Before the Janesville fixed-base airport operator and entrepreneur applied for a name with the U.S. Patent and Trademark Office (PTO)
, he checked to see if anyone else had a similar name in the trademark class under which he would apply. He also conducted a thorough search on the Internet and combed telephone directories.
Confident that no one else was using the names Monster Roadhouse or Monster Saloon, Konitzer went ahead and made his application with the PTO through his attorney.
As part of his search, Konitzer came across an article about how Monster Cable Products
threatened legal action against Monster Vintage
, a San Francisco sole proprietorship and T-shirt vendor, for trademark infringement and trademark dilution. Given that Monster Cable makes cables that connect high-end stereo and computer equipment, the suit gave the appearance of a giant stepping on an ant just because it could.
For Konitzer, it was his first inkling that his selection of the word "Monster" might run into some opposition down the road. He also learned that because of Monster Cable's vigorous pursuit of those who would use "monster" as part of their name, the trademark registration process could take a year or more.
After making his application for the two trademark names in December, Konitzer was not altogether surprised when he received a cease and desist letter from Monster Cable in late May, even though the trademark registration process was not very far along. It was enough to make Konitzer, a military veteran with an aviation background, dig in for battle.
"I feel Monster Roadhouse is a great name, and I went through thousands of dollars going for a federally registered trademark. I do not intend to back down," Konitzer said. "I have the resources so I don't have to."
While trademark owners have an obligation to protect their marks, they may overreach in determining how much effort they have to put into protecting their marks when consumer confusion is unlikely, observes Konitzer's attorney, Rob Petershack of Michael Best & Friedrich LLP
in Madison. Brand bullies
Brand-name bullies are increasingly pushing into the lives of would-be entrepreneurs, as corporate trademark owners aggressively assert their brand-related intellectual property rights against smaller concerns.

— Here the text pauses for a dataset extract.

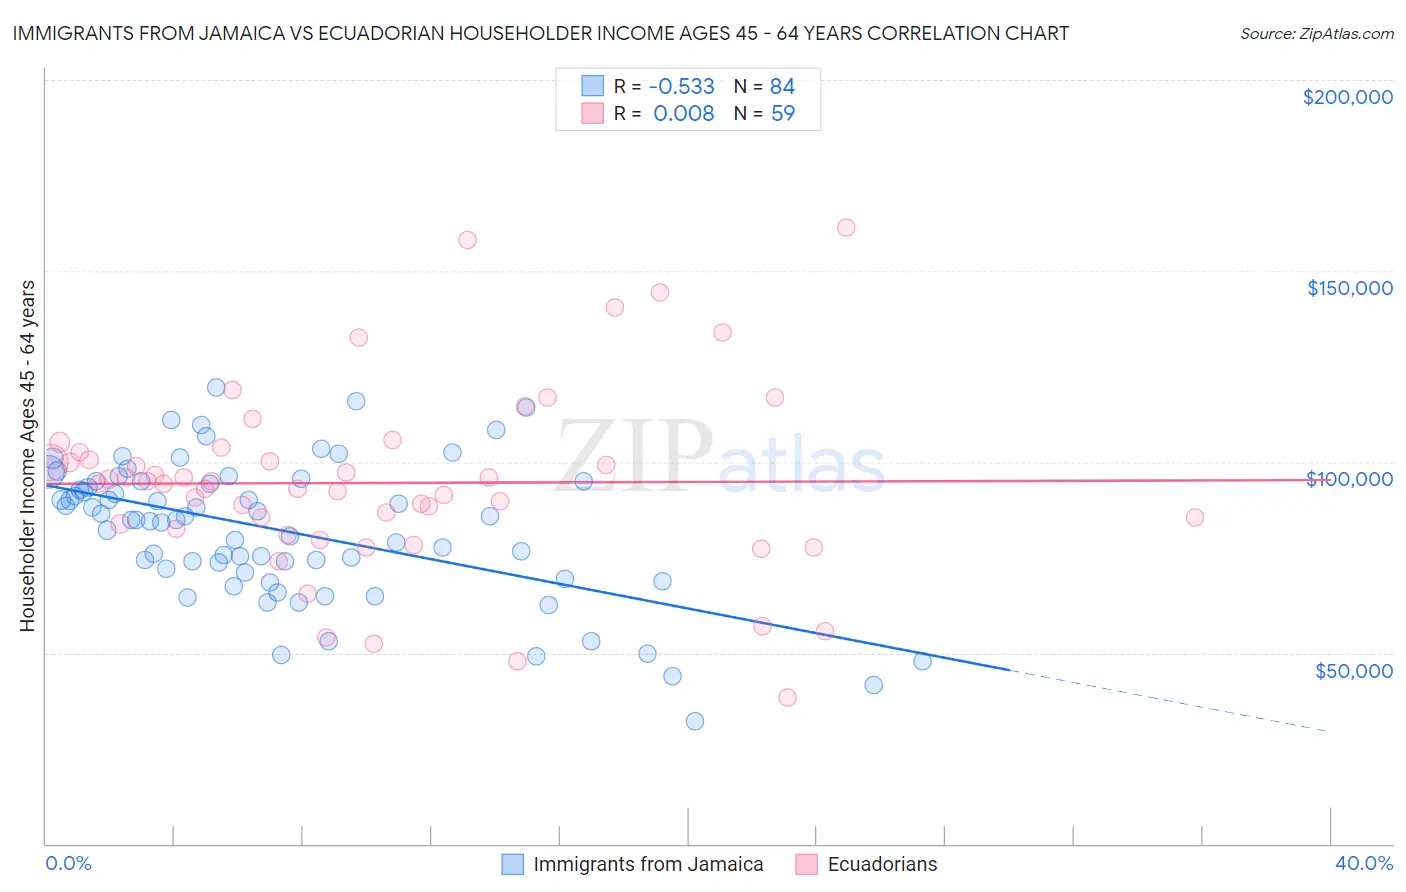 Immigrants from Jamaica vs Ecuadorian Householder Income Ages 45 - 64 years

Businesses that claim ownership of common words, such as the word "monster" or "entrepreneur" itself - as in the magazine - are beginning to draw fire.
Professor Kevin J. Greene, an intellectual property lawyer now teaching at the Thomas Jefferson School of Law
in San Diego, California, argues that the real reason for trademark law is to benefit large trademark owners.
A trademark owner has an obligation to protect its mark against infringement, counters Deborah Wilcox,
intellectual property attorney with Baker & Hostetler
in Cleveland, who represents a number of larger companies that are out to protect their marks.
"If you continuously use a trademark, even if it started out as relatively weak, you can build it up as consumers start to recognize it, and you can exclude others from that marketplace," she said. Under the section of trademark law known as dilution, someone else can't come in and whittle away at the distinctiveness of a strong trademark by using it for other goods and services, Wilcox says.
Petershack agrees, to an extent.
"There are companies that do have famous marks that deserve broad protection in the marketplace," he says. "Marks such as Harley-Davidson, Coca-Cola, and Tiffany are valuable across product boundaries and vigorous protection is justified"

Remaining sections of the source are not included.